Apart from the pictures, everything in the lines below must be printed exactly.

[SOURCE DATA]

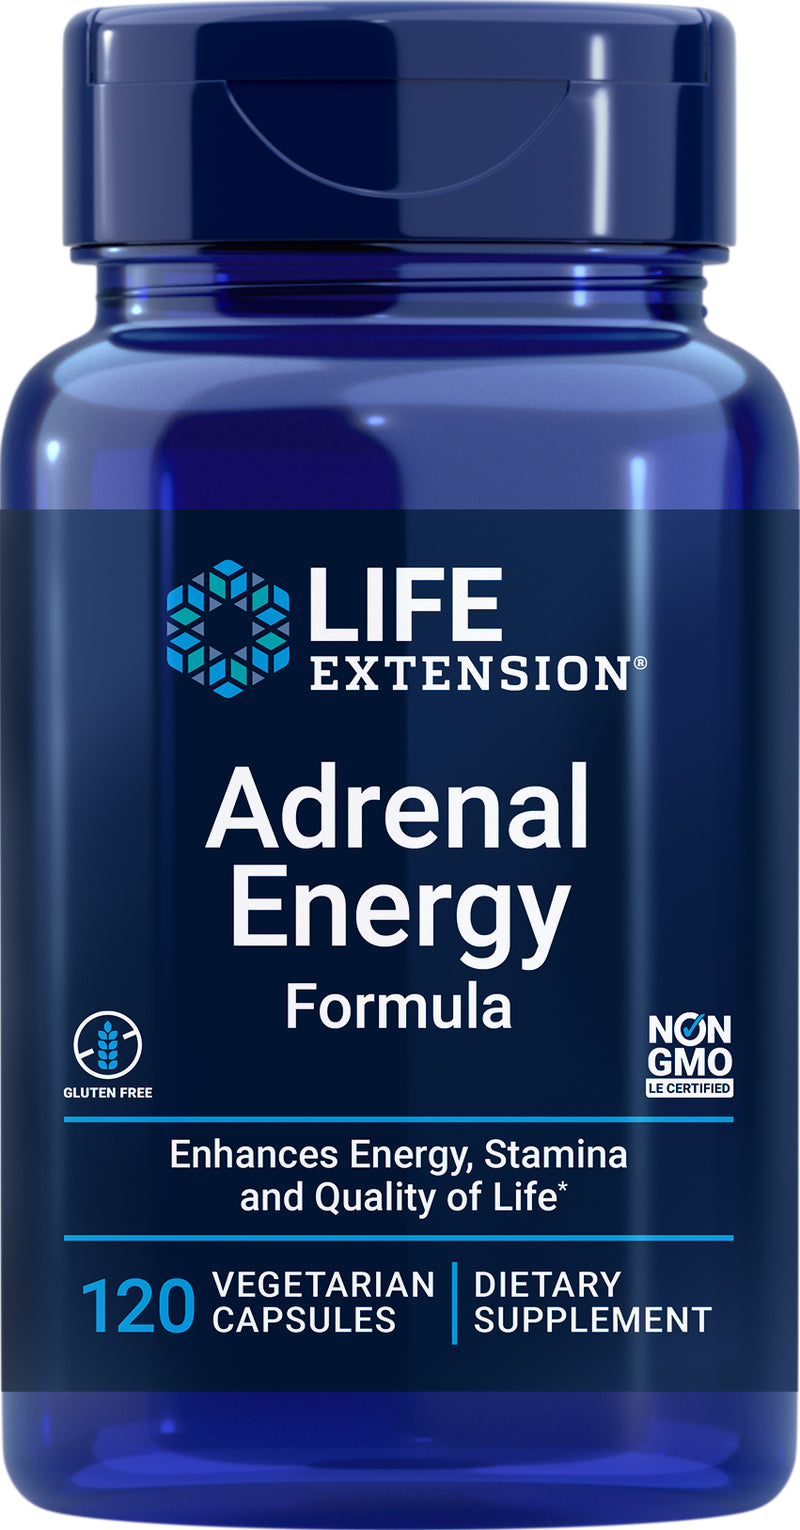 Adrenal Energy Formula 120 veg caps by Life Extension
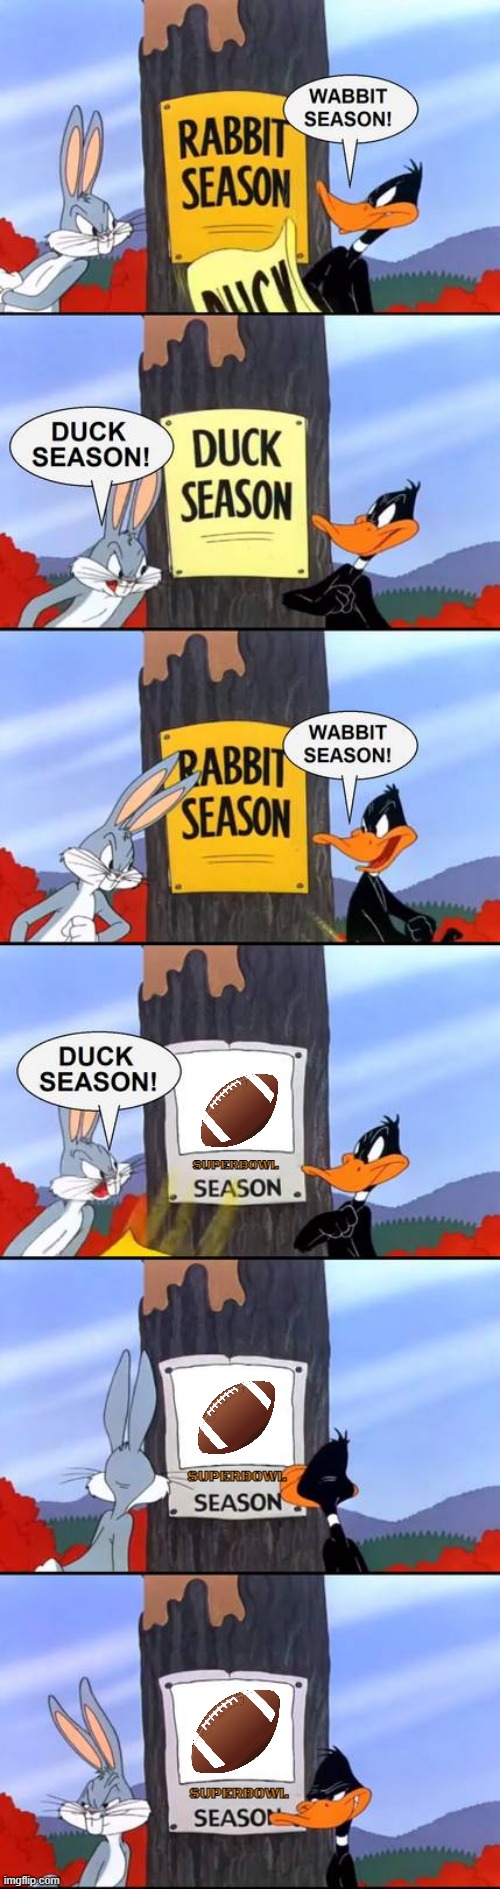 superbowl season | SUPERBOWL; SUPERBOWL; SUPERBOWL | image tagged in wabbit season duck season elmer season,superbowl,football,sports | made w/ Imgflip meme maker
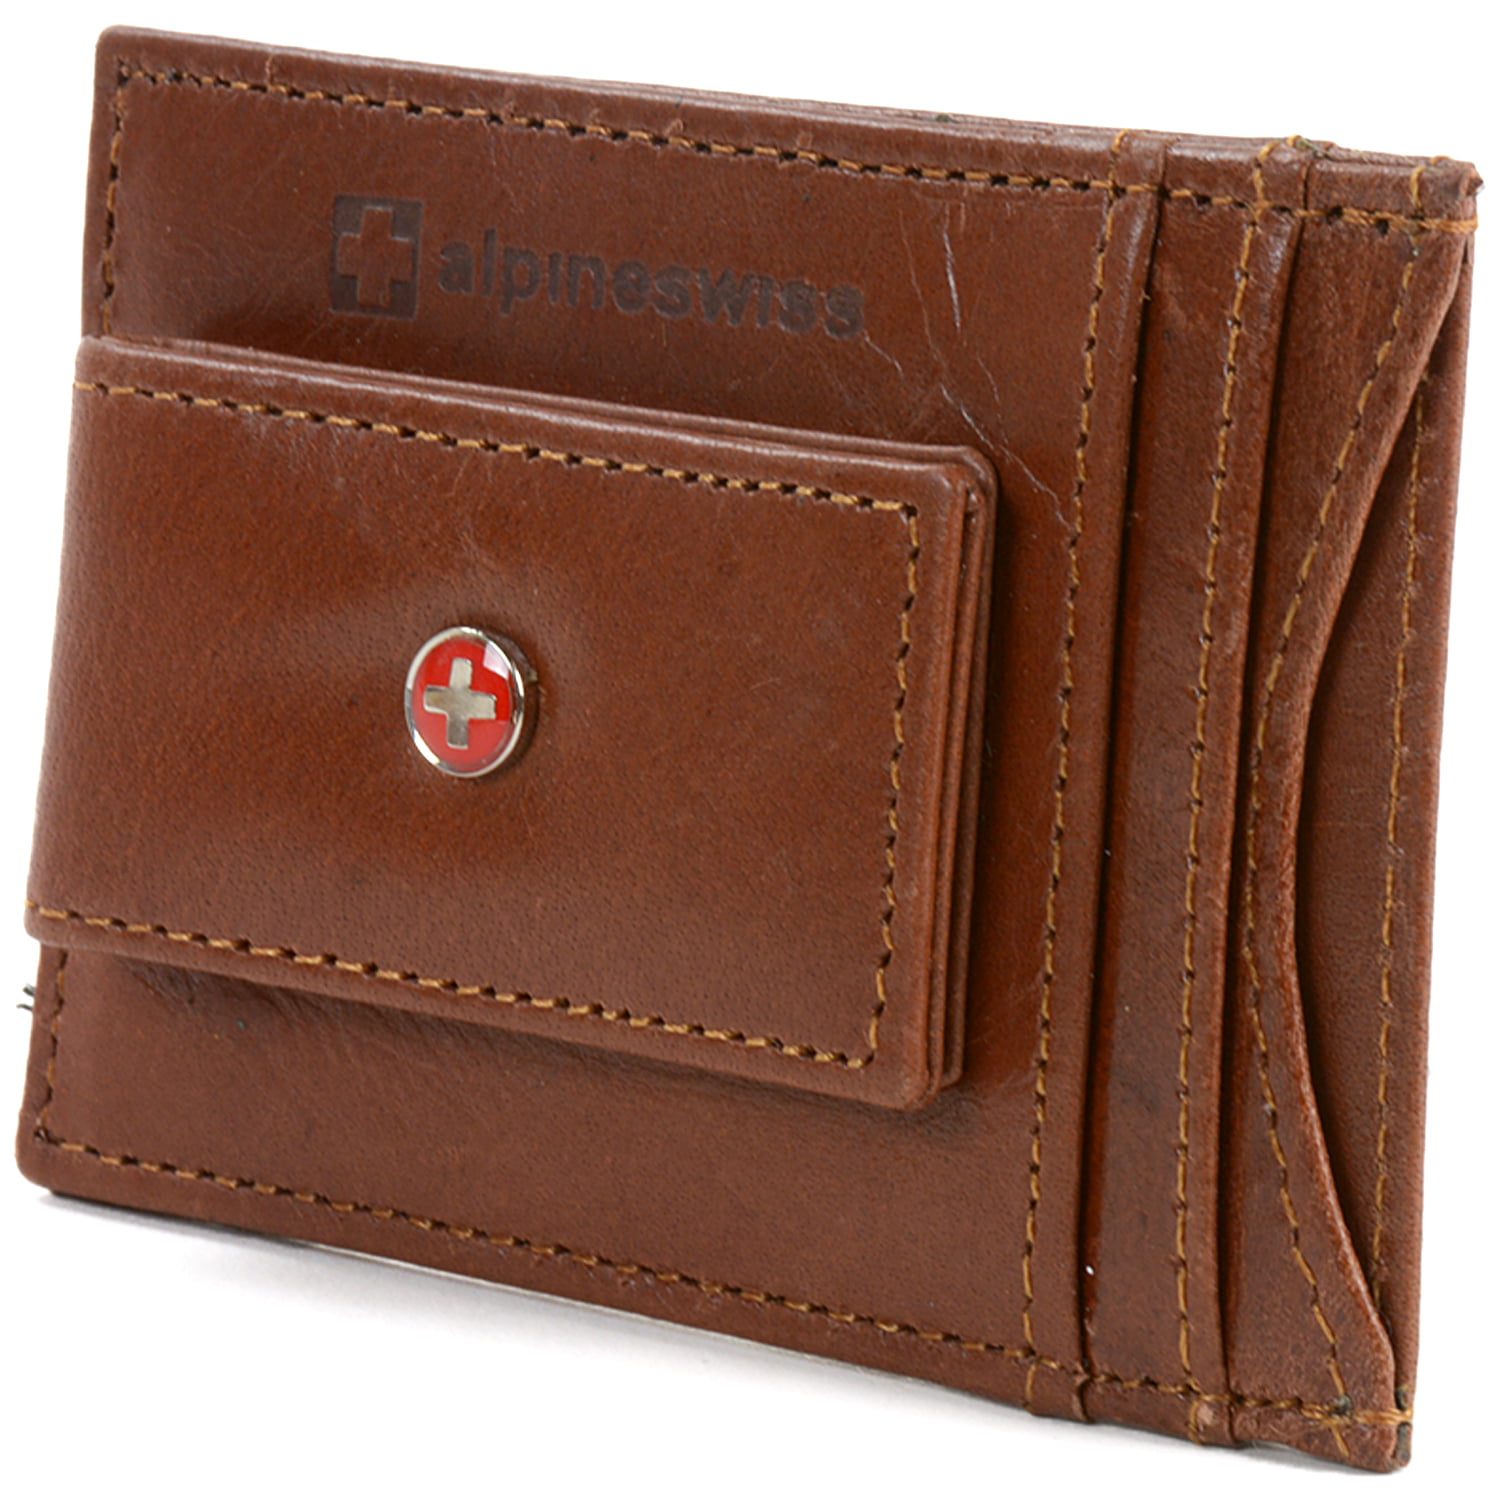 Alpine Swiss - AlpineSwiss Mens Leather Money Clip Magnet Front Pocket Wallet Slim ID Card Case ...

[/SOURCE DATA]

# [SOLVED EXERCISE]
 Adrenal Energy Formula 120 veg caps by Life Extension
 superbowl season | SUPERBOWL; SUPERBOWL; SUPERBOWL | image tagged in wabbit season duck season elmer season,superbowl,football,sports | made w/ Imgflip meme maker
 Alpine Swiss - AlpineSwiss Mens Leather Money Clip Magnet Front Pocket Wallet Slim ID Card Case ...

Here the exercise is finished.